Activity: The entries below contain a line with "Advert, '... and" and a line with "Baby lays on". Quote exactly those two lines and all lines between them.

Input data:
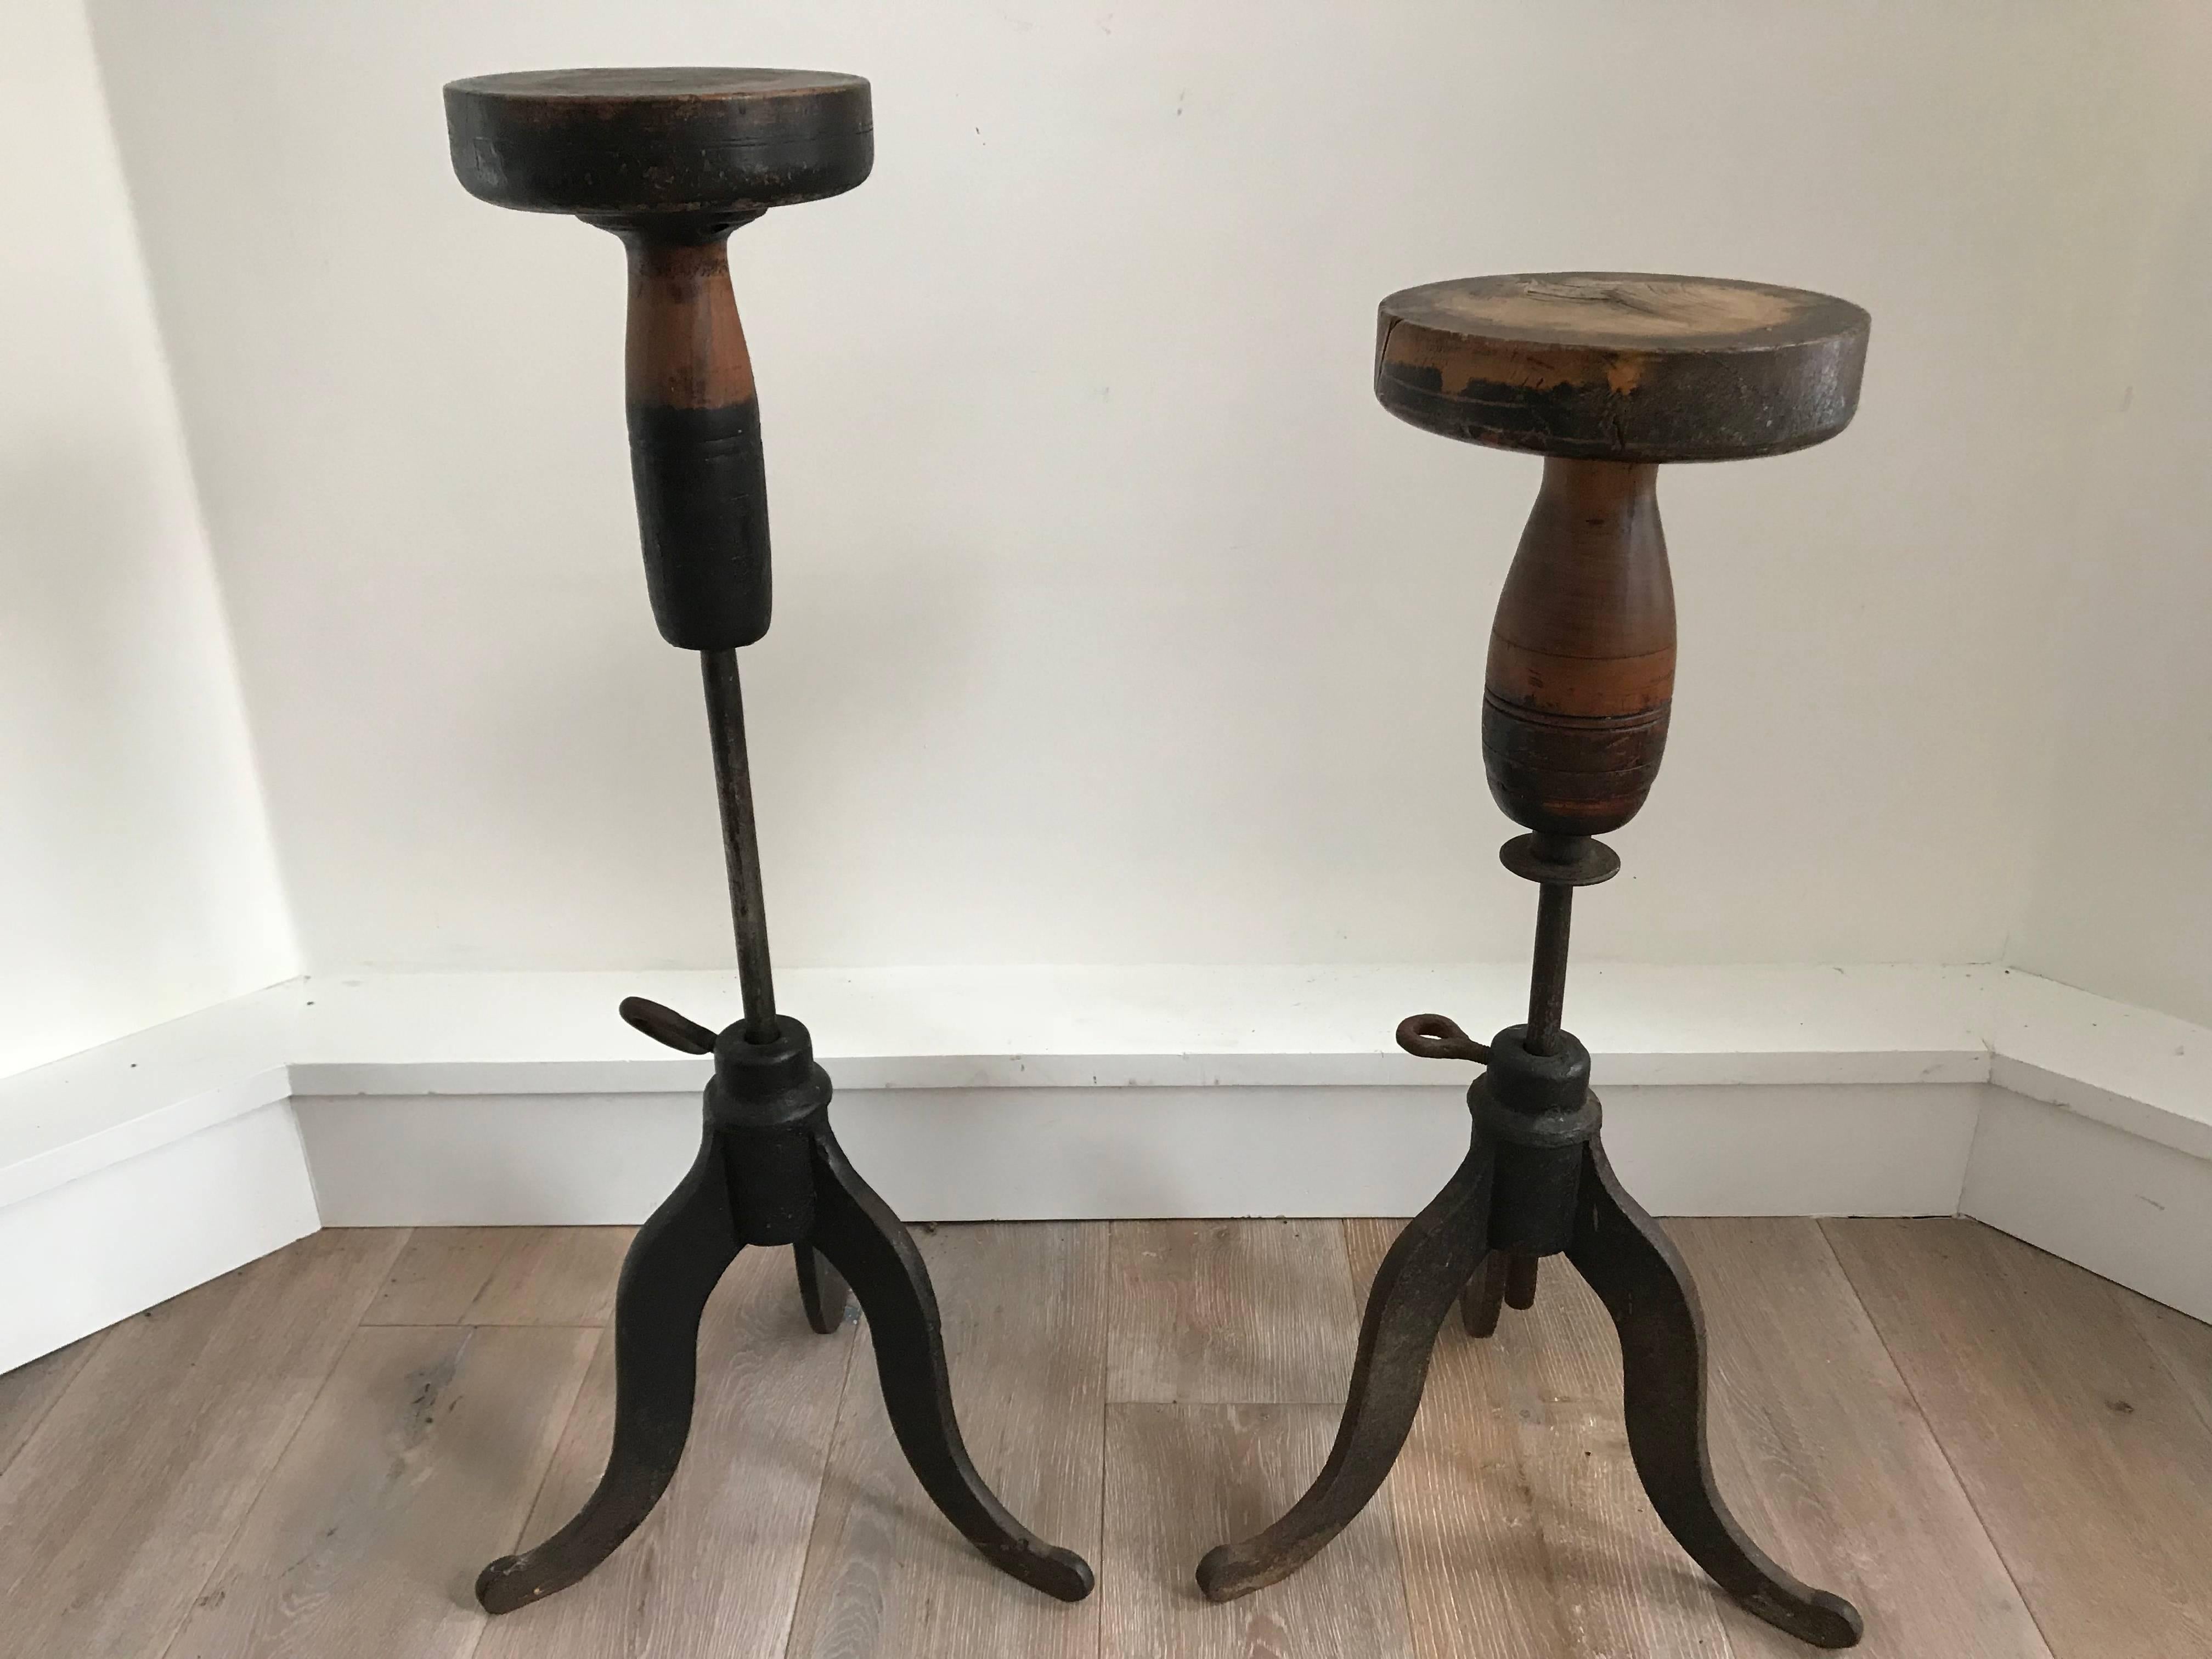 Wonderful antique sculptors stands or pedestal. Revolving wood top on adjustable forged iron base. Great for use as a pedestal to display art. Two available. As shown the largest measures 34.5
==
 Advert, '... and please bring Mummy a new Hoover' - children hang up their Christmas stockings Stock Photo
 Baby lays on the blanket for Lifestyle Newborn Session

Expected answer:
 Advert, '... and please bring Mummy a new Hoover' - children hang up their Christmas stockings Stock Photo
 Baby lays on the blanket for Lifestyle Newborn Session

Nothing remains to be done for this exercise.